生まれ変わったのに前の記憶が残ってるなんて、おかしな話だ。


少し眠ろうかな。


そう思っていた時、微かに人の話し声と、足音が聞こえるのに気づいた。


…こんな雪山に、人……?


「こっちだ、こっちに確かに白い翼のようなものが見えた」

「スノードラゴンか。
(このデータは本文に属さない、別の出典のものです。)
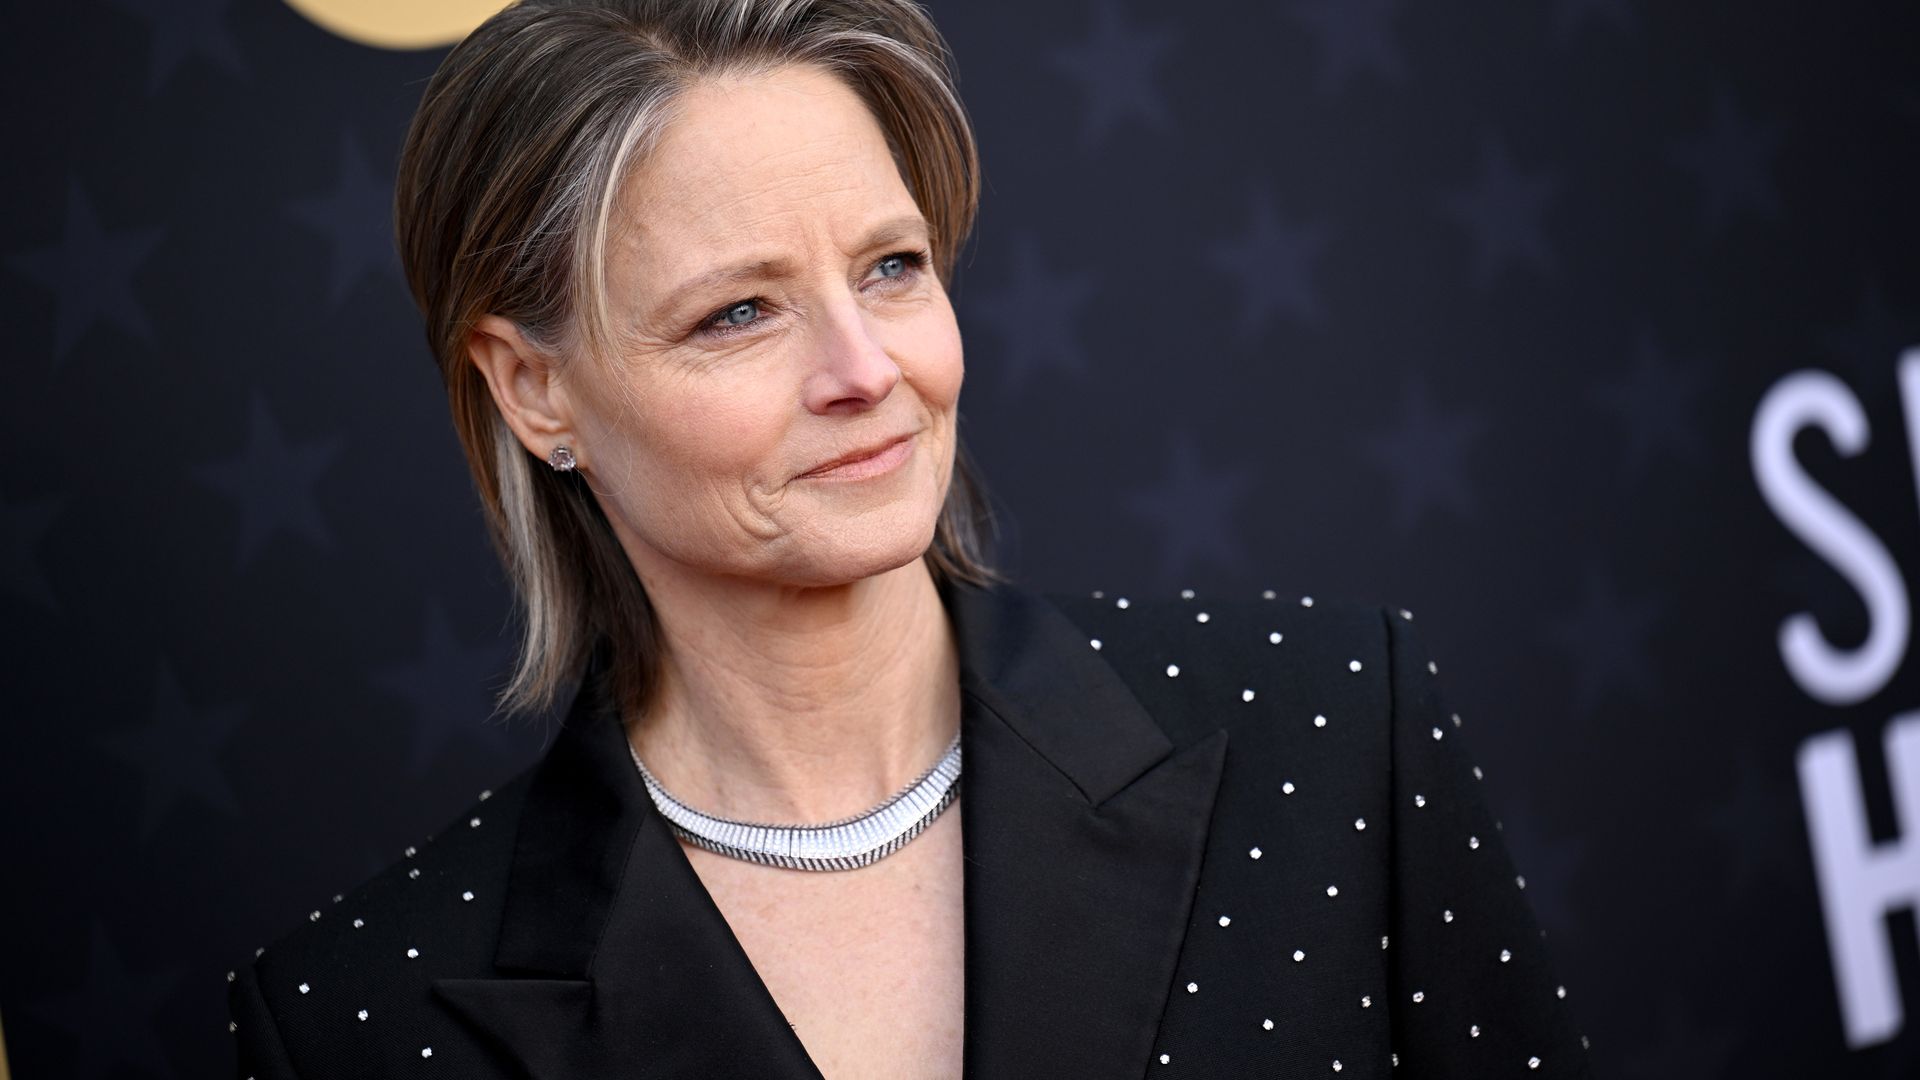 Jodie Foster shares sons Kit and Charles with her ex Cydney Bernard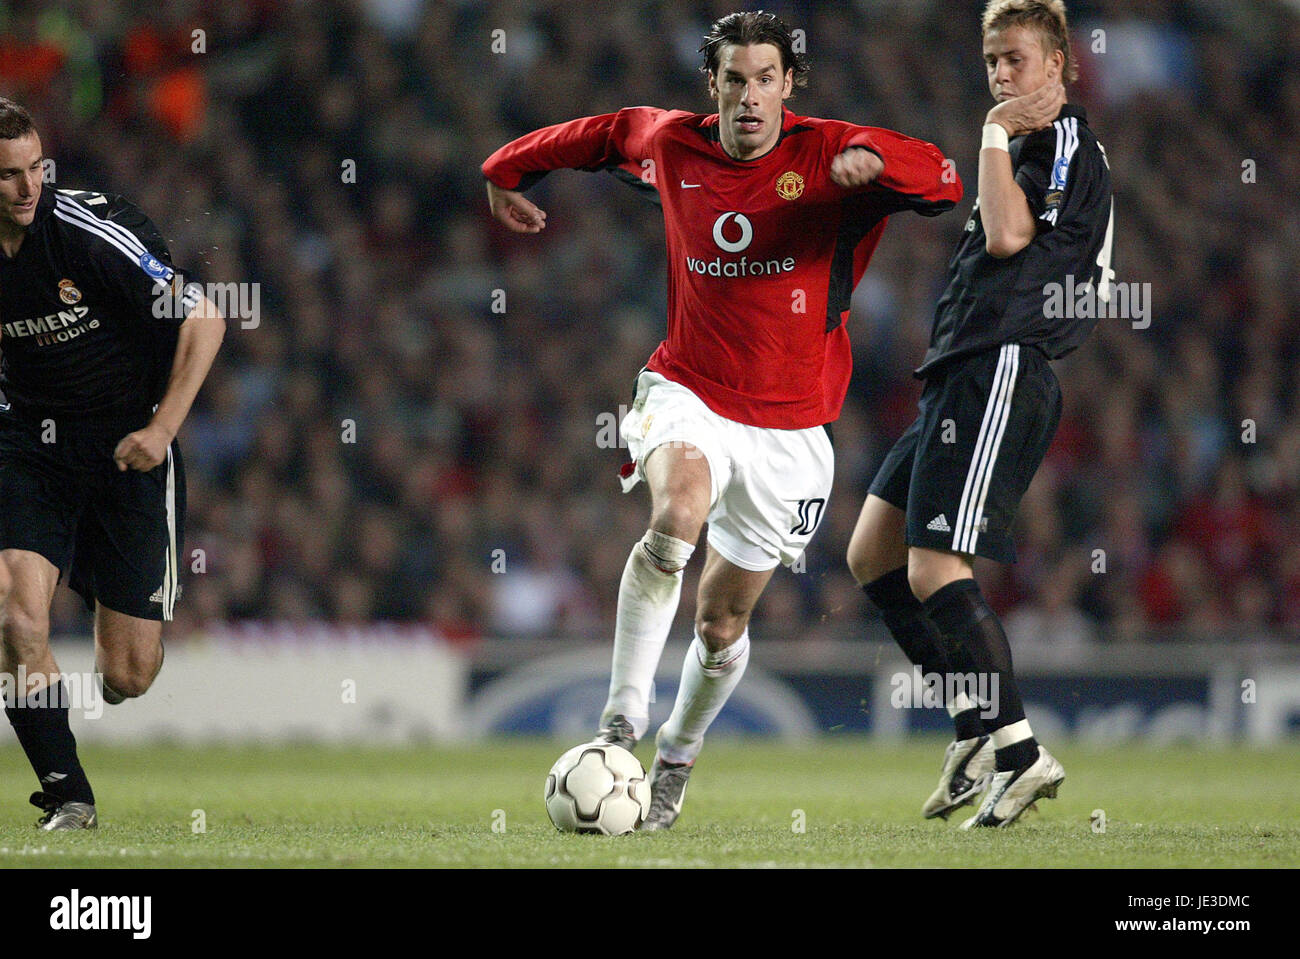 RUUD VAN NISTELROOY MANCHESTER UNITED FC OLD TRAFFORD MANCHESTER ENGLAND 20  November 2004 Stock Photo - Alamy

討伐の依頼書通りだな」


耳を澄ませば、人間の言葉が聞き取れた。


…討伐……?

…今度は僕、ゴミ箱じゃなくて槍とか投げつけられちゃうのかな…。

それはちょっと嫌だな…。


僕はのそのそとゆっくり立ち上がり、さらに森の奥に隠れようと歩き出した。

その時、僕の周りに突然炎が燃え上がった。


『え?』


驚いて右前脚を上げて炎に触らないように引っ込める。


「あそこだ!!」

「だけど尻尾が赤いぞ? 依頼書のやつじゃない!」

「依頼書のやつじゃなくても、ドラゴンはドラゴンだ。討伐するぞ!」


人間の声が、さっきよりもすごく近く感じる。


「俺が炎魔法で仕留める!!」


その声の方に視線を向けた時には、目の前に炎の球体が迫っていた。

咄嗟にそれを避けることが出来なかった僕は、顔にもろに火を受けてしまう。

だが……。


『…あれ…? 熱くない…』


僕はそう首をかしげた。

僕の言葉はドラゴンの鳴き声となって消える。

その鳴き声に、冒険家は怯んでいるようだ。


「何故炎が効かない!?」


そんな冒険家の声を無視して、僕は首を振ってみる。


さっきの…気のせいかな?


僕はそんなふうに思い、僕の周りを取り囲んでいる炎を試しに踏んでみた。

すると、僕自身にはなんのダメージもなく、踏んだ炎は消え、そして僕の前足を向けた先が大きく凍りついた。


……地面が凍りついた。

あぁ、じゃあ滑って逃げようか…?


僕はそう思い立つが早いか、自分で作った凍りついた道をすーっと滑って人間から離れる。


…これ、ちょっと楽しいかも…。


そう思いながら、森の奥に入った時、僕の後ろ足に痛みが走った。


『痛っ…!』


驚いて後ろ足を見ると、大きな槍が突き刺さっている。

さっきの冒険者たちが投げたものが当たったようだ。


「逃がすな!!」


そんな声が後方から聞こえる。

本当にゴミ箱の次は槍を投げつけられるハメになってしまった。


滑ってもダメなら、飛んでみるか…。


僕はそう思い立ち、翼を広げて大きく羽ばたかせる。

するとすぐに森の一番高い木よりも上へと上昇する

下の方で冒険者たちが何か言っているが、もう聞き取れないぐらいまで離れてしまった。


…このまま、安全なところまで行こう。


僕はそのまま、高度を下げずに飛び続けた。



どれぐらいの時間飛んでいたのだろう。

翼が疲れることもなく、どれほど長い時間だって飛んでいられるような気もするが、もう太陽は沈み、月が地上を照らしている。

これぐらい暗ければ、僕も目立たないかもしれない。

僕はゆっくりと高度を下げて、眼下の景色を確認した。

そこにはもう雪はなく、少し紅葉した山々が広がっていた。

その山の一角に、僕は少し派手に着地した。


と言えばまぁ聞こえも悪くないが、実際は着地に失敗して頭から地面に突っ込んだだけである。


後ろ足に刺さっていた槍は足を振るだけでポロリと抜けて、傷も全く深くないようなので放っておくことにした。


さて…今度こそ少し眠ろう…。


そう思うと僕は体をゆっくりと丸めて、その場で数時間熟睡するのだった。